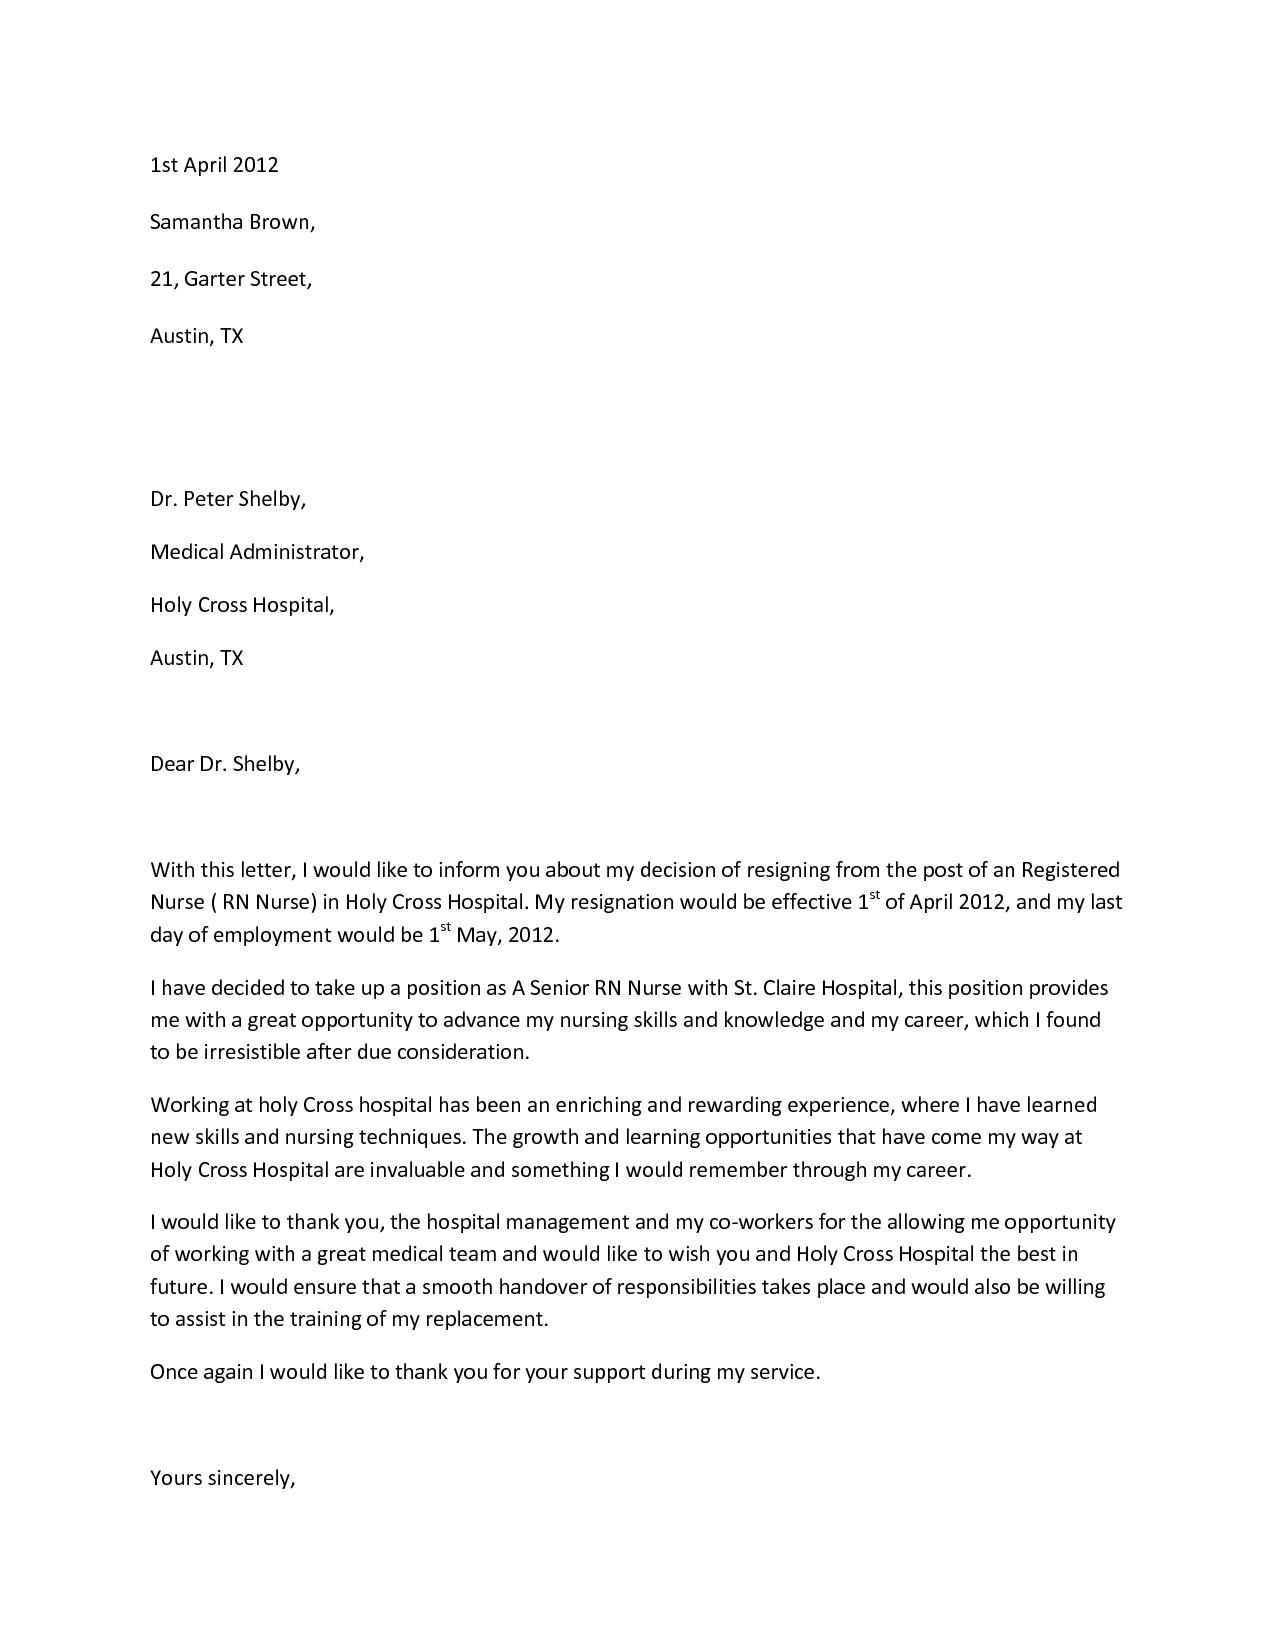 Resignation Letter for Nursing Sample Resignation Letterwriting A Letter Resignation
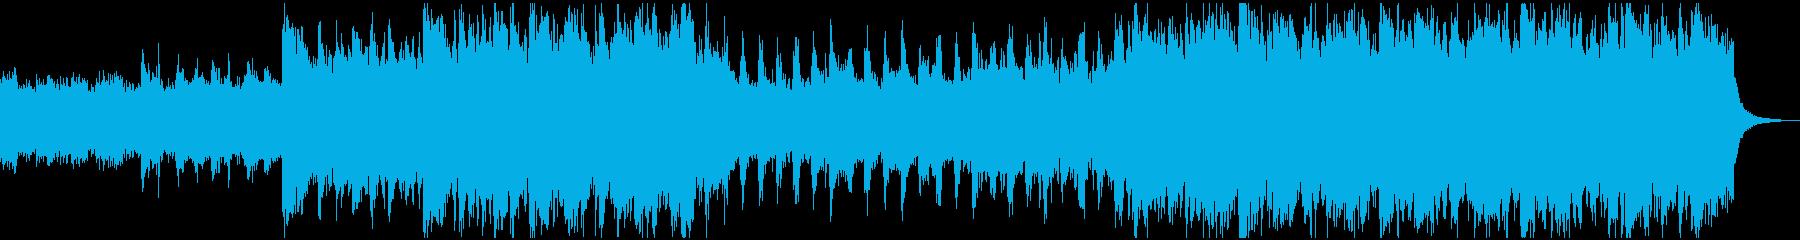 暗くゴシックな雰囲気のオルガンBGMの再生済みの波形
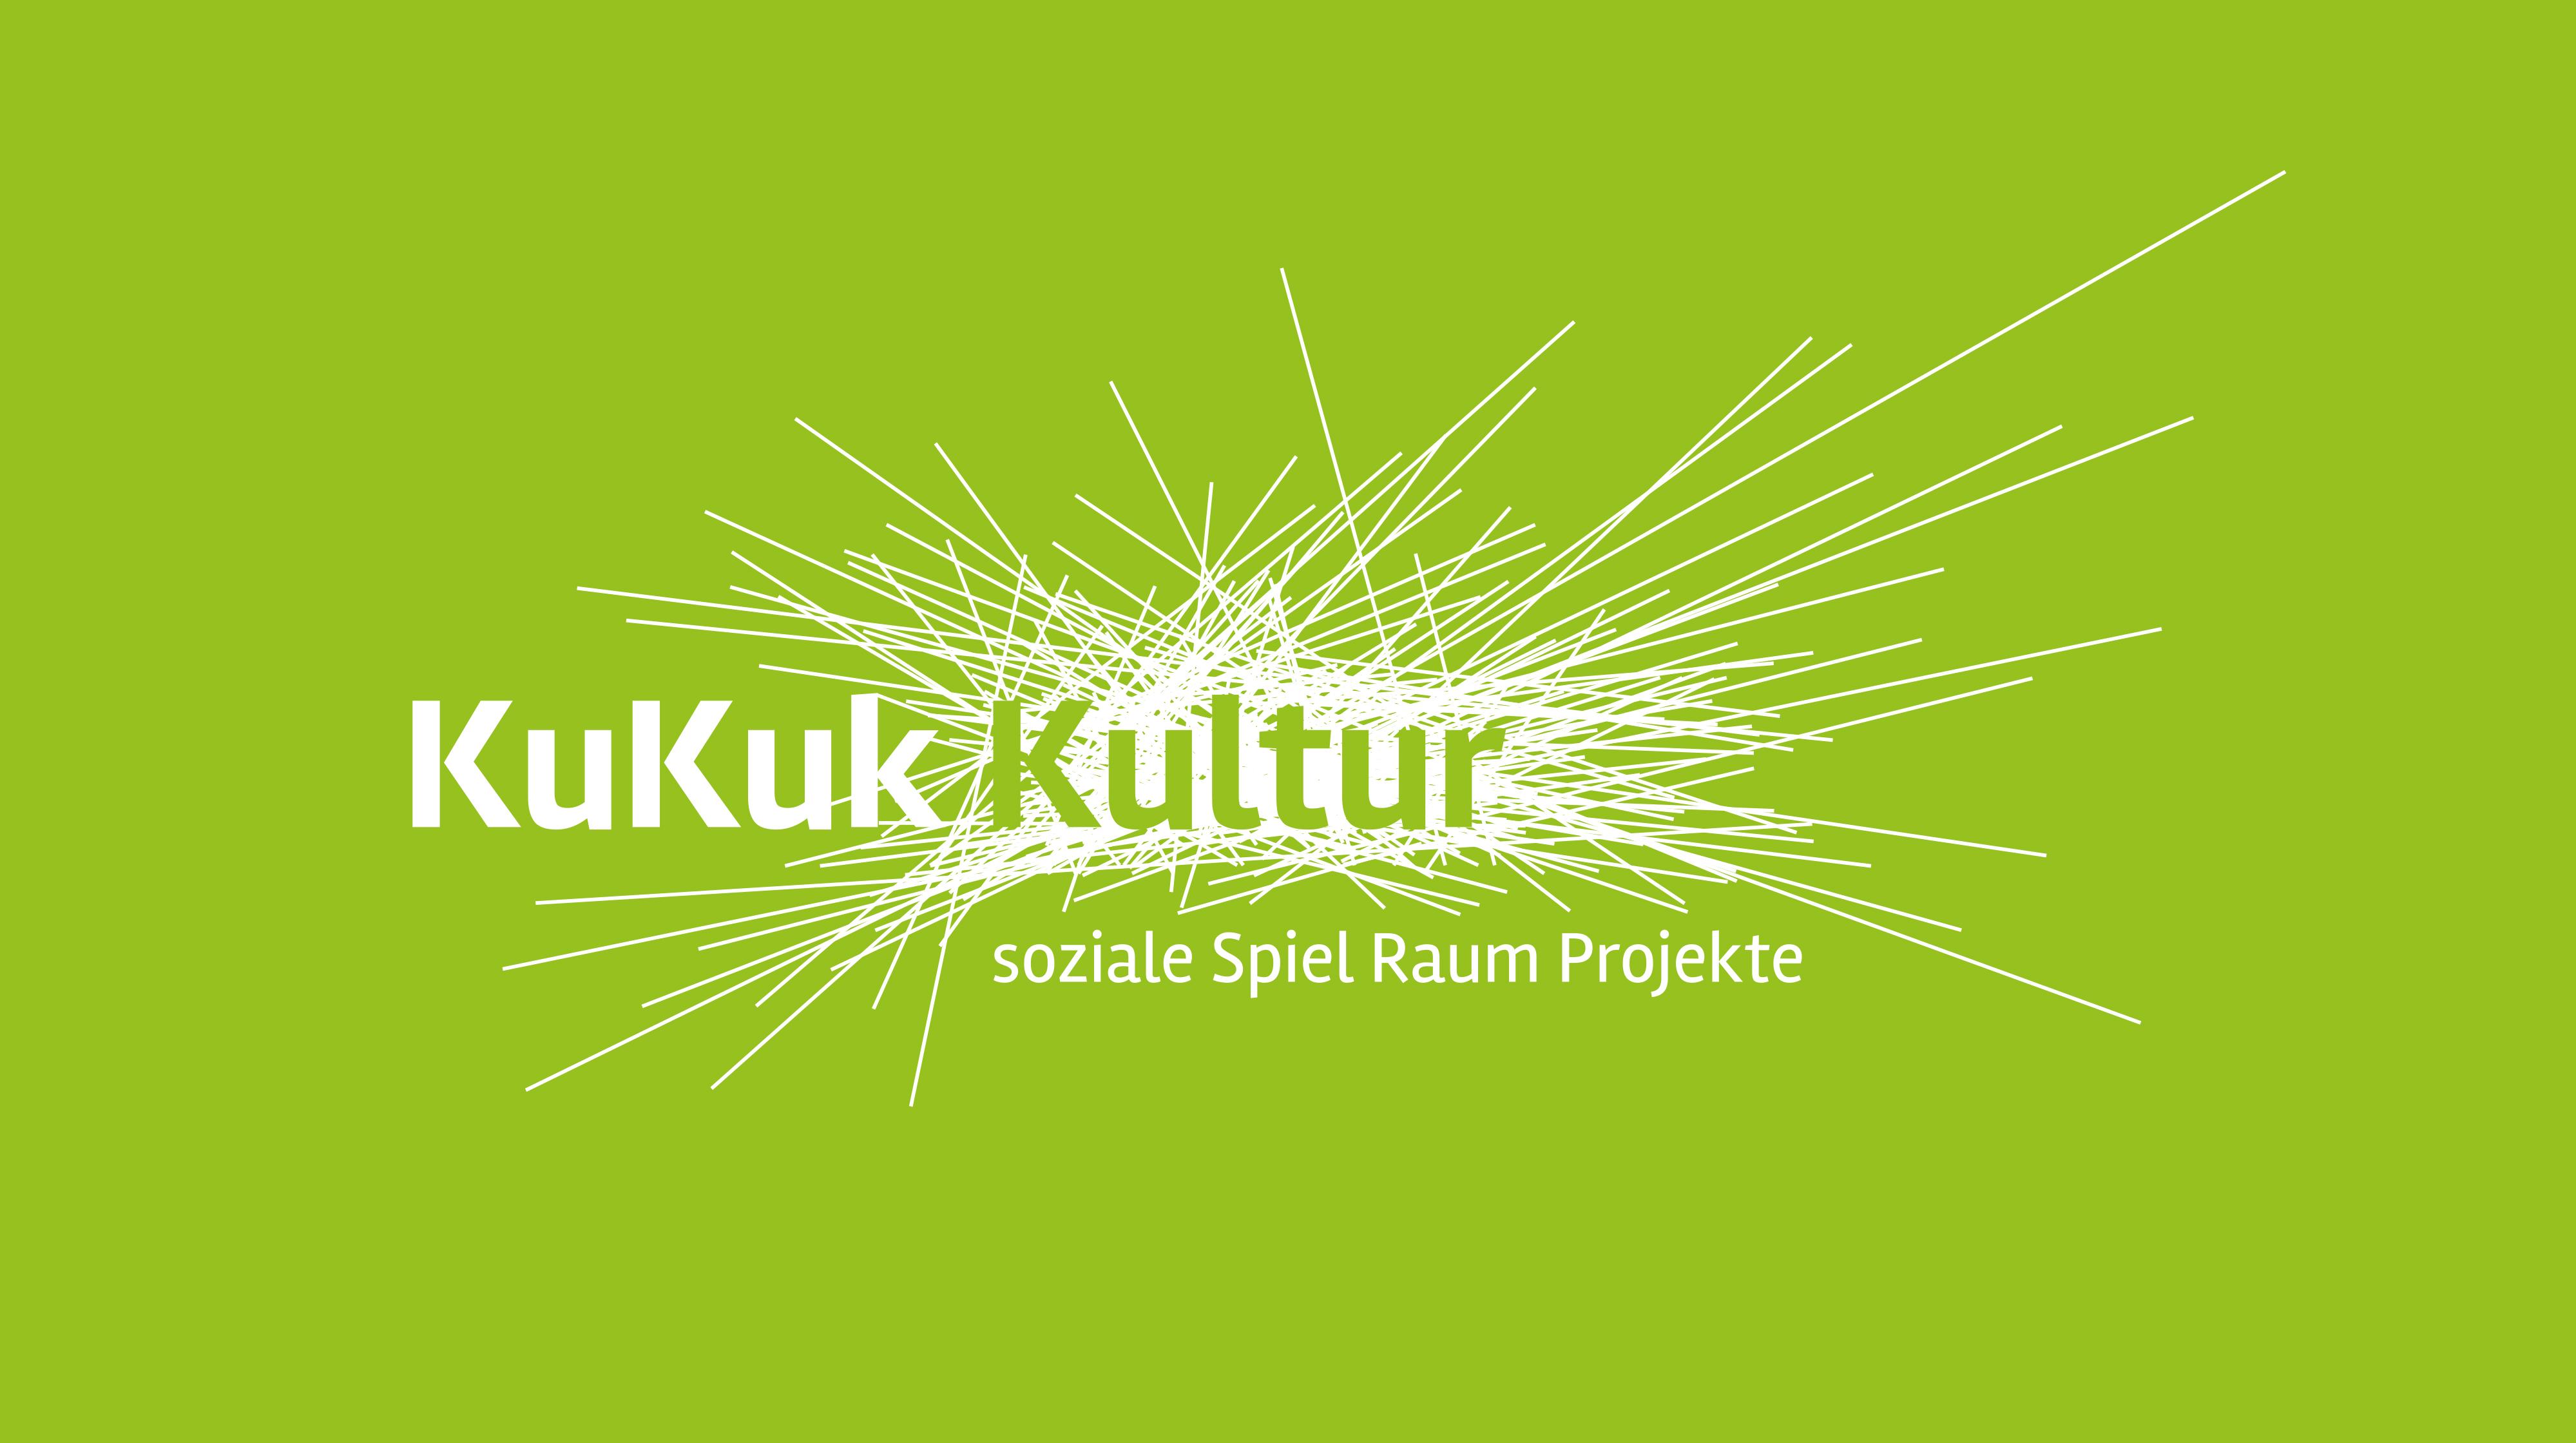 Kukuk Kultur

-=-=-

Repeat the material exactly. Any picture in it should be dropped.

 Resignation Letter for Nursing Sample Resignation Letterwriting A Letter Resignation
 暗くゴシックな雰囲気のオルガンBGMの再生済みの波形
 Kukuk Kultur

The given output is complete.